Microaggressions, though, should be studied, he said.

“‘How do we unintentionally slight each other?’ is an incredibly interesting academic idea, and how we can do better is very important, but as soon as it gets in the hands of administrators, unfortunately it becomes a code that basically says, ‘I don’t like it when people say the following things,'” Lukianoff said.

He also expressed concern about what he considers three “great untruths” that are being woven into American childhood and education: What doesn’t kill you will make you weaker, always trust your feelings, and life is a battle between good people and evil people.

That worries him from a free speech standpoint as well as another aspect — that students are saying someone can’t come to campus because they would be offended, and that it’s going to “mentally harm” others.

“Cognitive distortions are basically mental exaggerations that every single one of us makes,” he said.

Lukianoff suggested people get in the habit of talking back to those distortions.

“You can actually fight anxiety and depression,” said Lukianoff, who acknowledged having personal experience with this method.

And not only are students being taught bad habits relating to freedom of speech, they are being taught the habits of anxious and depressed people, he said.

“We’re disempowering them,” Lukianoff said. “We’re taking away the activities, the skills that actually make you feel like a human being.”

He recommended students argue “fairly” with themselves and others; address an argument, not a person; fight for their rights of freedom of speech as well as others’ rights; and seek out “smart people” with whom they disagree.

Gabriel Noah Brahm, director of the NMU Center for Academic and Intellectual Freedom and professor of English at Northern Michigan University, spoke at the event to lend his support of open dialogue.

“The center is ecumenical,” Brahm said. “We aim to enhance the quality of life on campus for everyone by improving the quality of our public conversation, our shared conversation about important matters of comment, concern.”

The center, he noted, accomplishes this by promoting viewpoint diversity, supporting open inquiry and celebrating excellence in higher education.

“That means we’re an antidote to political correctness,” Brahm said. “We include conservative as well as liberal voices,” Brahm said.

Timothy Eggert, this year’s Peter White Scholar and a research assistant for Brahm, told the audience that Monday’s presentation was an appropriate symbol of CAIF’s purpose.

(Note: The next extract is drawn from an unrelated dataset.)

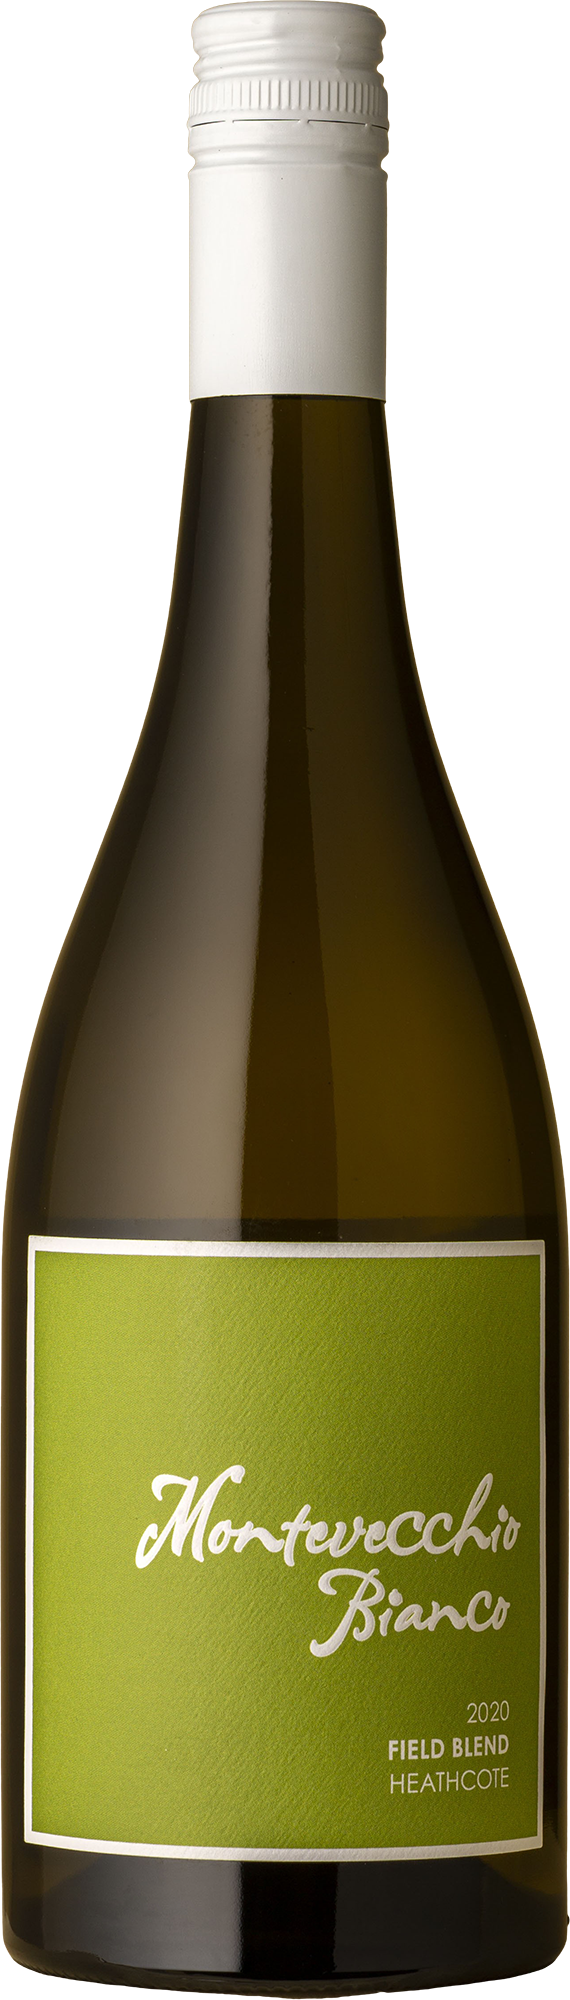 Montevecchio - Bianco 2020 White Wine

“I also think it’s really important, not only to the future of Northern but to the future of our country, that we hear what he has to say, for as he exhibits in his 2012 book, ‘Unlearning Liberty,’ what happens on campus doesn’t just stay on campus,” Eggert said. “It bleeds into the larger society, and what’s been happening in recent years, as students of my generation know well, has not been all good.”